Os dados da consultoria reforçam a tendência que se concretizou na última década: o Interior paulista recebeu dezenas de novas empresas, foi palco da reestruturação de grande parte delas e permitiu a consolidação do jeito “caipira” de fazer negócio, mesmo no ambiente globalizado e concorrido no qual essas grandes e médias organizações atuam.
Apesar do recuo de 31% do valor dos investimentos anunciados em 2000 para a Região Metropolitana de São Paulo em relação ao ano anterior, este continua sendo o principal pólo econômico e industrial do Estado. Foi o que teve maior participação no volume total, com 25%, segundo relatório da Fundação Sistema Estadual de Análises de Dados (Seade).
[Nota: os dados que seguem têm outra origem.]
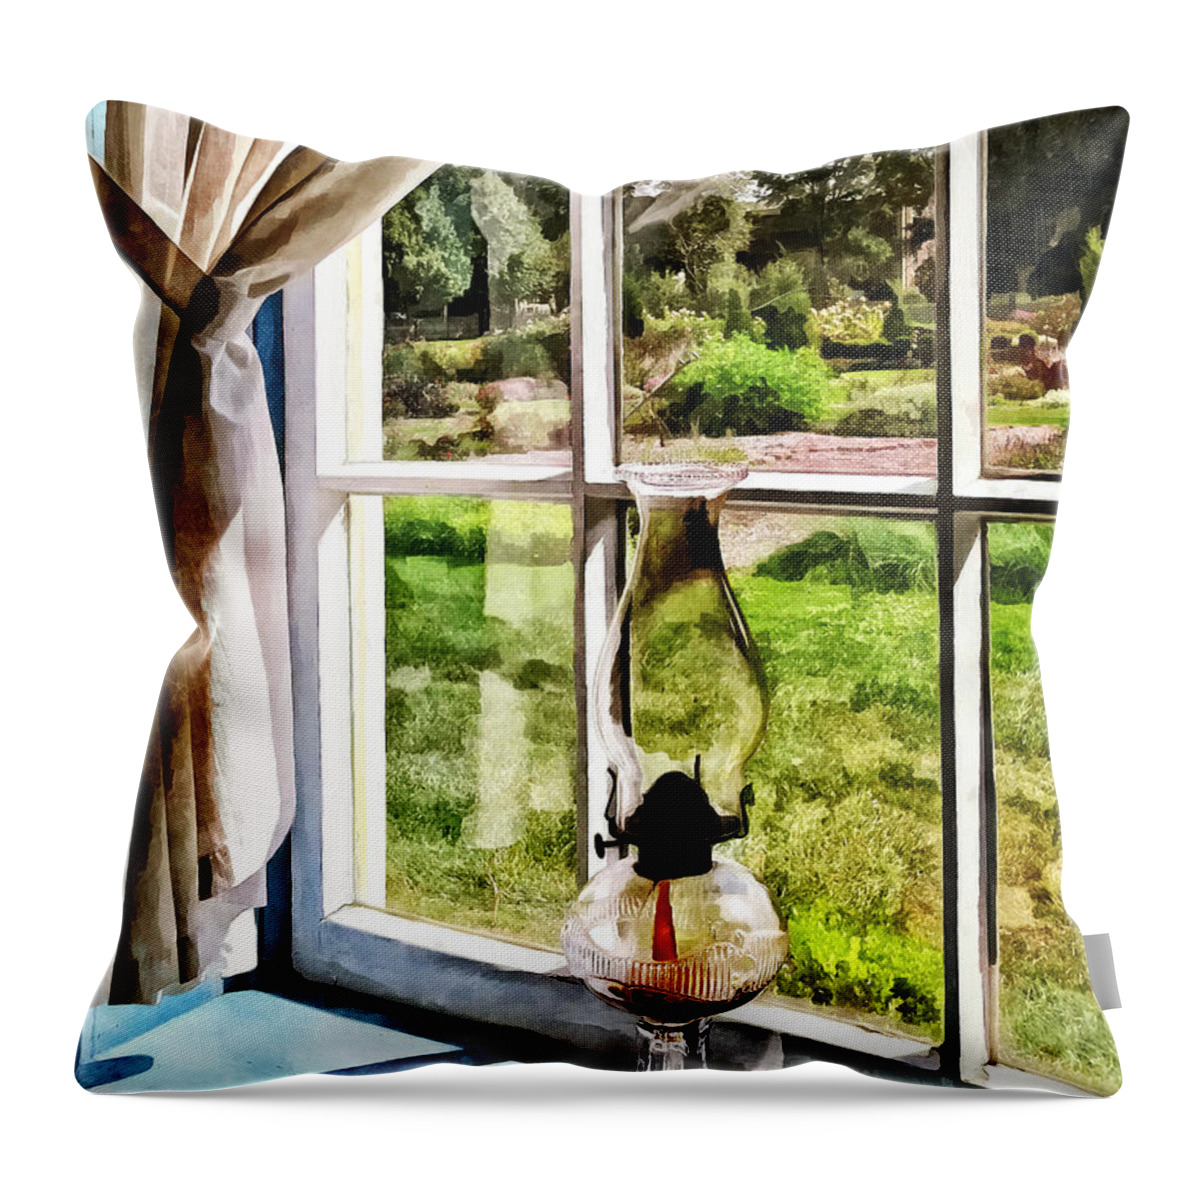 Lamp Throw Pillow featuring the photograph Hurricane Lamp in a Sunny Window by Susan Savad

A pesquisa confirmou a tendência de crescimento da atividade econômica no Interior paulista. Do total de US$ 23,7 bilhões anunciados em 2000, US$ 11,7 bilhões (ou 49%) foram destinados ao Interior e US$ 5,9 bilhões à Região Metropolitana de São Paulo. Foram as empresas controladas pelo capital estrangeiro as que mais investiram no ano passado, respondendo por 62% dos investimentos no Estado de São Paulo. E, em seis anos (período do estudo), o Estado atraiu US$ 114,5 bilhões.
“A diminuição do investimento na Região Metropolitana está relacionada à infra-estrutura e à qualidade de vida do Interior, mas a força do mercado consumidor e da rede de serviços da Capital ainda é fator decisivo para a concentração de capital nela. Essa dinâmica ainda será reforçada com a construção do Rodoanel e a expansão do porto de Santos”, atenta o analista do Seade, Luiz Antonio Paulino.
A mais recente Pesquisa de Investimentos Privados no Estado de São Paulo traz notícias desconfortáveis ao Grande ABC. De acordo com levantamento realizado pela Fundação Seade em parceria com a Secretaria Estadual de Ciência, Tecnologia e Desenvolvimento Econômico, quatro das principais cidades da região desabaram no ranking de investimentos produtivos durante 2001 e outra apresentou queda moderada sobre base nivelada por baixo. Resultado do desmoronamento coletivo: responsável por 9,3% do Valor Adicionado estadual, o Grande ABC contabilizou apenas 0,28% dos investimentos destinados ao Estado de São Paulo no ano passado.
O mergulho do Grande ABC deu-se em contexto em que o conjunto da Região Metropolitana de São Paulo cresceu. Os investimentos de US$ 9.741,22 milhões para a Grande São Paulo em 2001 — do total de US$ 23,5 bilhões em todo o Estado — embutem crescimento de 64% sobre os US$ 5.925,75 milhões contabilizados no ano anterior. Dessa aparente contradição, formada pelo paradoxo de perder isoladamente enquanto se faz parte de um grupo que saiu ganhando, é possível extrair duas constatações à compreensão da economia do Grande ABC e suas diferenças em relação ao restante da Região Metropolitana, principalmente São Paulo.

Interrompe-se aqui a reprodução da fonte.